▶ Assignment: Without copying any picture, transcribe exactly the lines of the data below from the one containing "Coloring page loving dog and cat" through the one containing "Hexagonal Clear Ring".

▶ Source data:

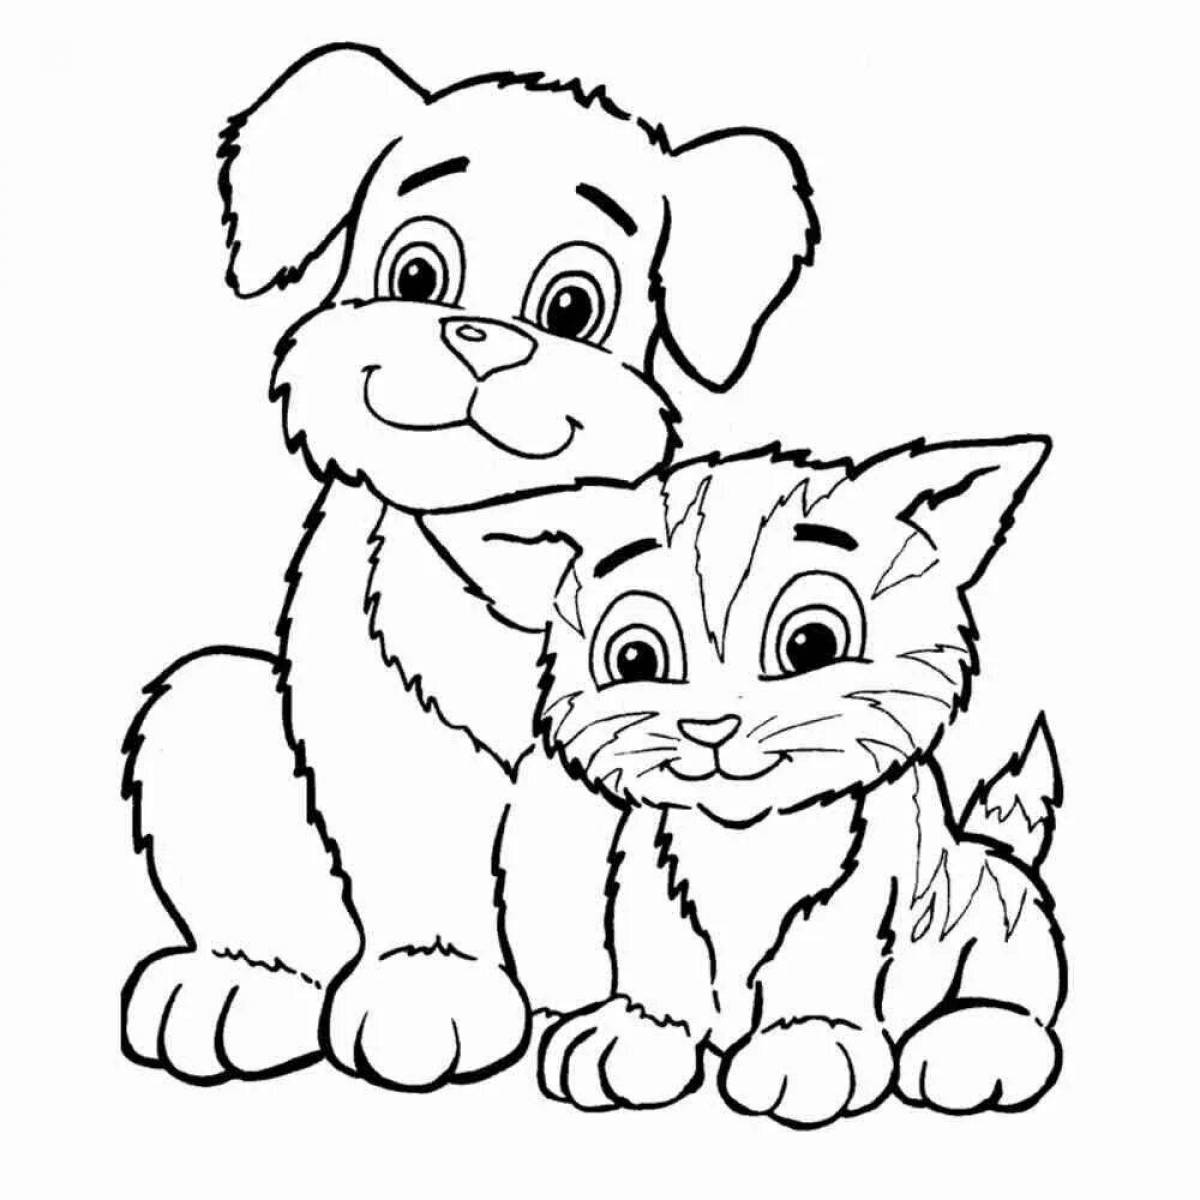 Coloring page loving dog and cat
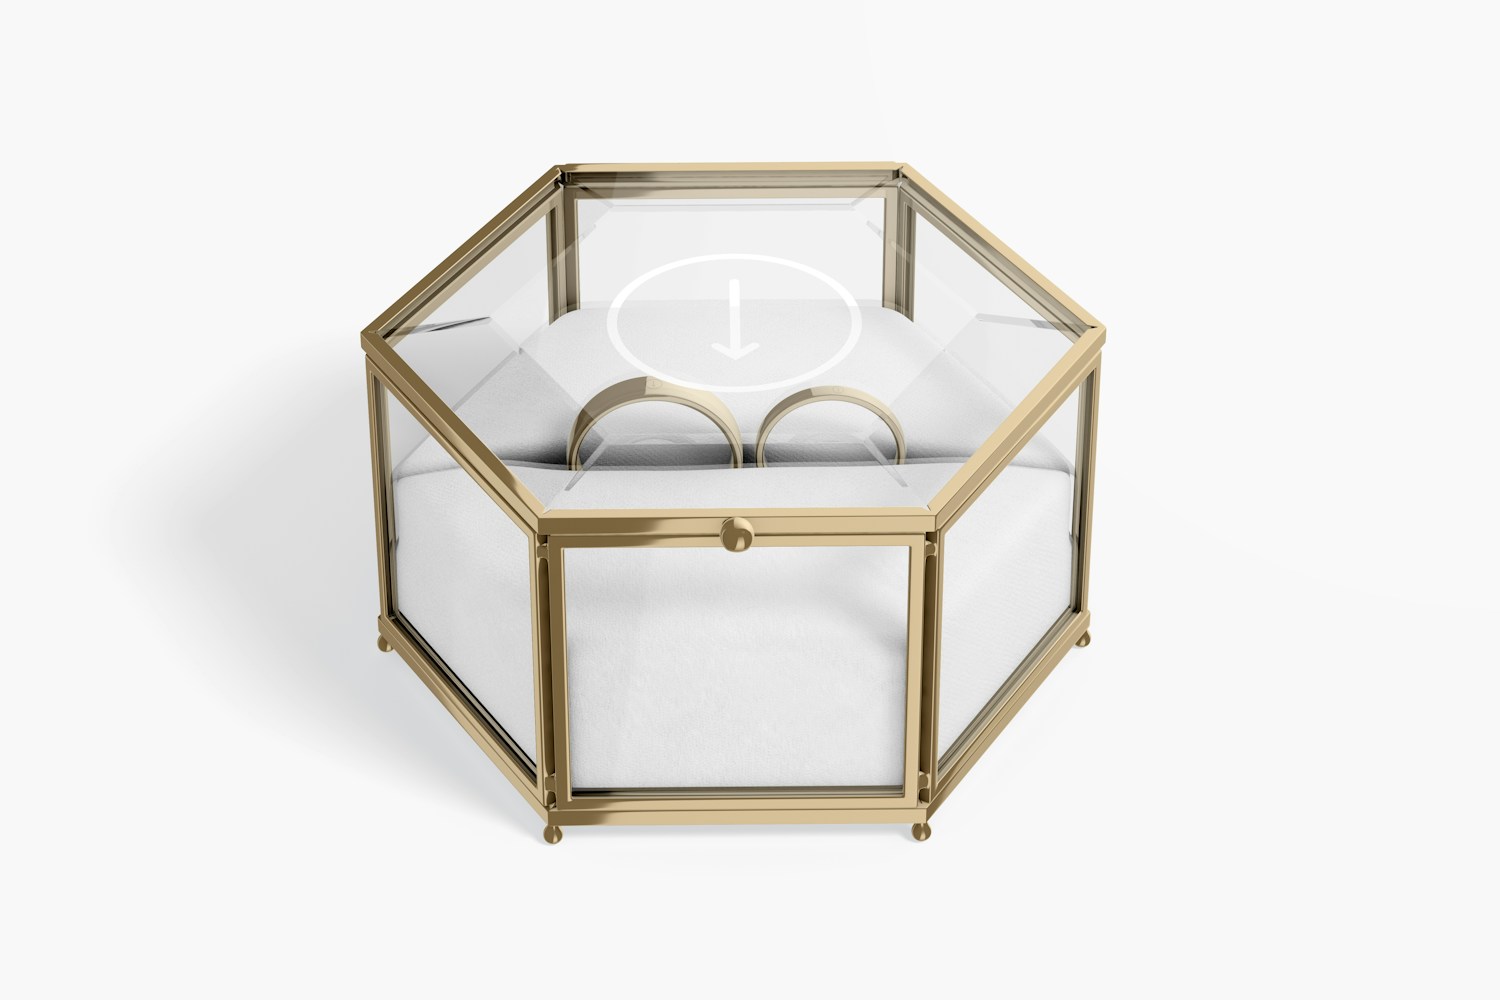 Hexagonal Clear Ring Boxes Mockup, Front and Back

...

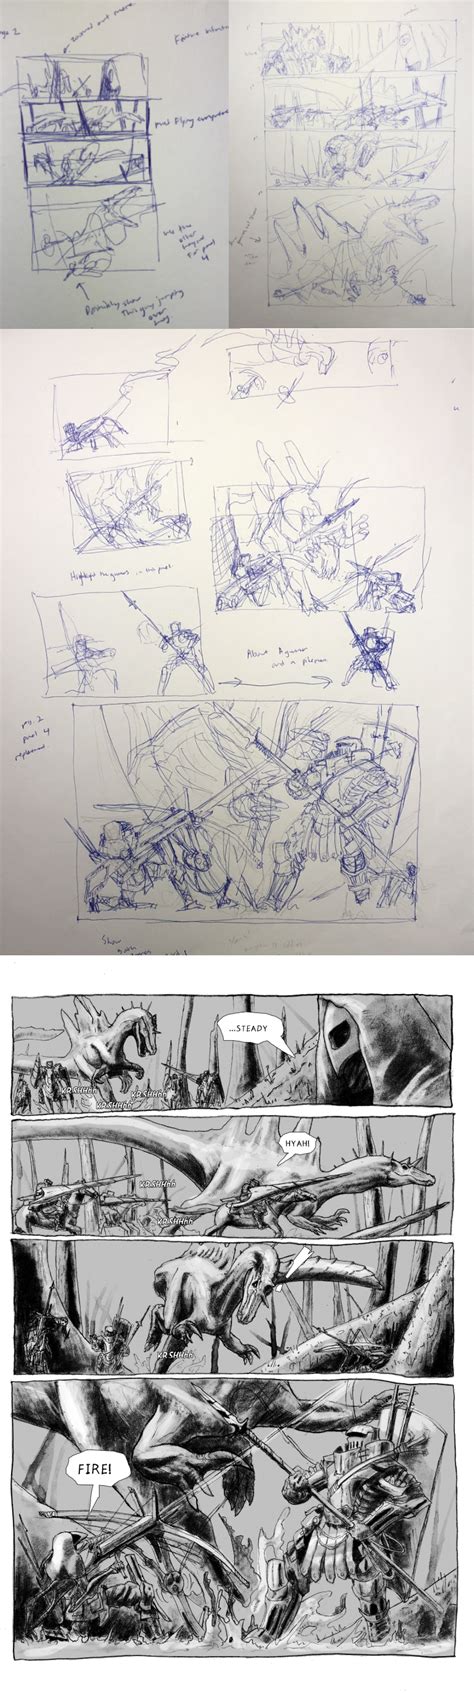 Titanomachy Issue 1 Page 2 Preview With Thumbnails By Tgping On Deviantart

▶ Solution:
 Coloring page loving dog and cat
 Hexagonal Clear Ring Boxes Mockup, Front and Back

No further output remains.